In the early 2000s, steel prices worldwide soared, fueled in a large part by demand from China. Prices more that doubled to a peak o $700 a metric ton in August 2004 from $300 in January 2003. By 2005, the boom was over. There was an oversupply and prices plunged 40 percent from their high and there were worries about a long-term glut and overcapacity.

China’s capacity for steelmaking increased from 100 million in 2000 to 250 million tons in 2004. Ths in turn has caused increased demand for materials used in steelmaking: scrap metal, iron ore, pig iron, coke and coal, lime and dolomite. The price of iron ore rose for more than 70 percent for fiscal 2004-2005 — the first tine in history such a dramatic rise was recorded. Increases in steel production are also causing demand for more energy..

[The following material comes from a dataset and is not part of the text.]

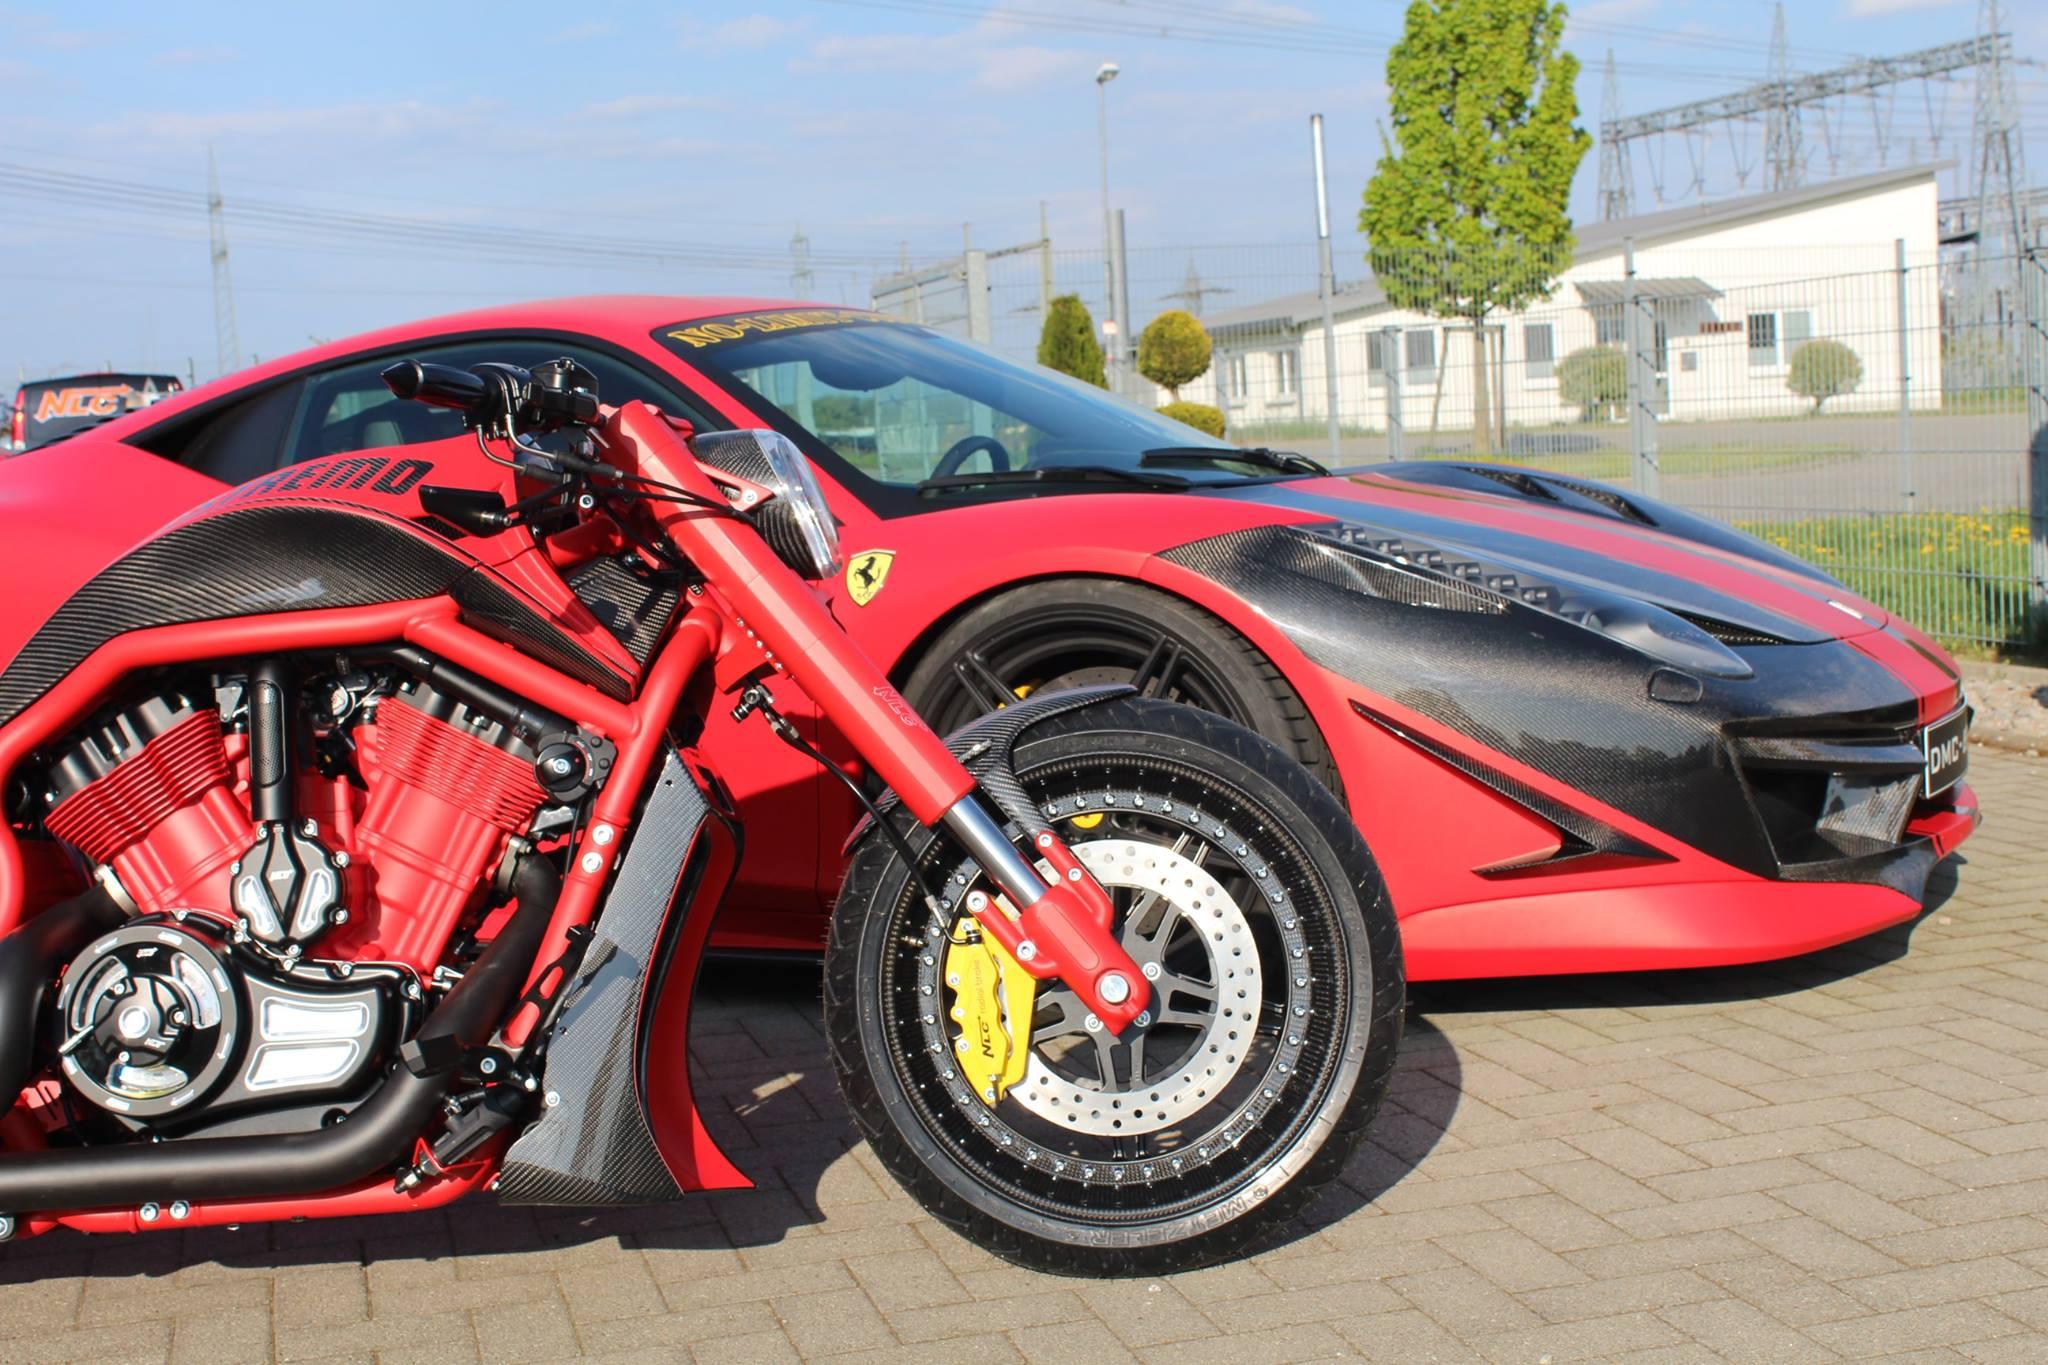 Dmc 458 Estremo Receives Nonidentical Twin Bike From No

The increases were driven in part by global demand for high-end automotive steel. Steel companies built mills to supply automakers and their suppliers. Shortages of steel and unprecedented high steel price forced Nissan to temporarily suspend operations at some of its plants.

In December 2005, China announced that it would limit steel production to 400 million metric tons a year in the next five years to slow expansion that has led to a glut and driven up raw material prices.

During the global recession in 2008 and 2009 China tried to use its position as world’s biggest steelmaker and consumer of iron ore to win deals for iron ore price cuts following two hikes of more than 100 percent. Iron ore producers gave Japanese and South Korean mills a 33 percent cut but the Chinese wanted deeper reductions than that.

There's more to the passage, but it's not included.